Fertility consultant and Reproductive Medicine specialist at Gynaeeworld Fertility Centre Mumbai, Dr Sabahat Rasool, says that only 1% of infertile couples in India seek fertility treatment. This, she writes in her article on infertility in Kashmir, may be attributed to low awareness, accessibility, high cost, and unacceptability.
One reason for this in Kashmir is the lack of options. Many couples who wish to have IVF are hampered by the lack of this facility in government-run hospitals, which otherwise are the backbone of healthcare in the state. A large section of society cannot afford IVF treatment in private hospitals, where the costs begin from Rs 2 lakh and keep going up.
Of married couples in J&K, 8.7 percent are childless, surveys have found. One of such couples is Gulraiz and Afshana, both in their early 30s. They have been married more than five years but are still waiting for a child. They are willing to have IVF but they cannot afford private hospitals. Gulraiz has been told by a doctor that he has low sperm count, but IVF treatment can help him become a parent.
A resident of Srinagar, Gulraiz runs a shop in the old city that fetches him between Rs 10 thousand and Rs 15 thousand a month. This he has to spend on his five-member family, which includes his parents and sister. He has no savings. The financial situation is so bad that in case of emergency, he has to borrow money from his friends. He repays them by cutting down on his basic standard of living. The last time he borrowed money was Rs 50,000 for the marriage of his sister. A friend gave it to him. He repaid it in two years, by not buying mutton which he used to eat twice a week.

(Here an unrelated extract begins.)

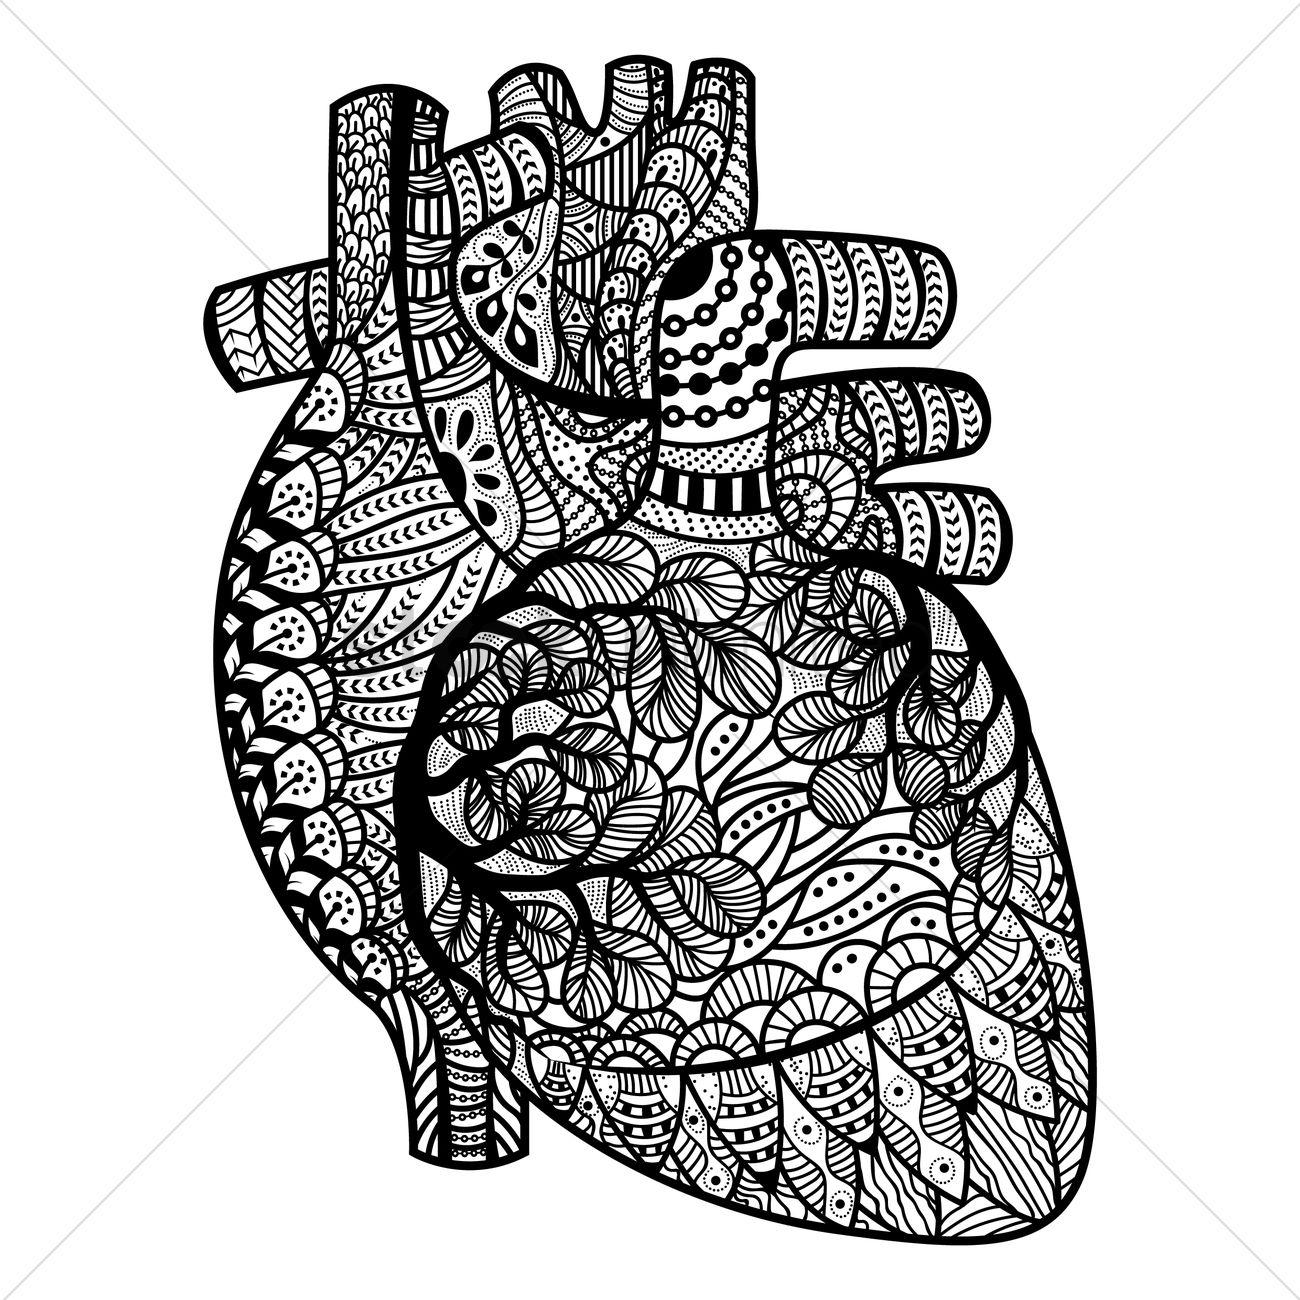 1300x1300 Intricate Human Heart Design Vector Image

“At the government hospital I was told that the treatment is not possible, that I have to visit a private one. The cost of it dissuaded me,” Gulraiz told Kashmir Reader.
Principal of Government Medical College (GMC) Srinagar, Dr Samiya Rashid, admitted that IVF treatment was not available in government hospitals. But, she said, there are other ways of treatment. She said that government hospitals can treat patients whose childlessness is due to seizure in the Fallopian tube.

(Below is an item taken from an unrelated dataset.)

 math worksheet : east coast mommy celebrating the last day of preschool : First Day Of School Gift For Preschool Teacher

Dr Samiya Rashid said that she had written a proposal to the government to make IVF facility available in government hospitals. At present, she said, for IVF a patient has to go to a private hospital.
According to a study carried out in 2008 by the Department of Endocrinology at Sher-i-Kashmir Institute of Medical Sciences (SKIMS), 15.7 percent of women in Kashmir who are currently of child-bearing age will never have a child without clinical intervention.
Beyond the physical and mental exhaustion, childlessness leads to marital discords and divorces. Grand Mufti Nasir-ul-Islam, who also hears cases of marital discord under Islamic jurisprudence, says he is witness to the end of many marriages due to childlessness. “Men always blame women for it, which is not the case all the time,” he said.
“Women are blamed to protect men’s respect in society. I have seen men medically not fit, yet blaming women. To put an end to this menace, one should marry at an early age. In case there are medical issues, all permitted medical procedures should be exhausted. If they, too, fail, adoption is best. A couple should accept it as the will of God,” suggested the Grand Mufti.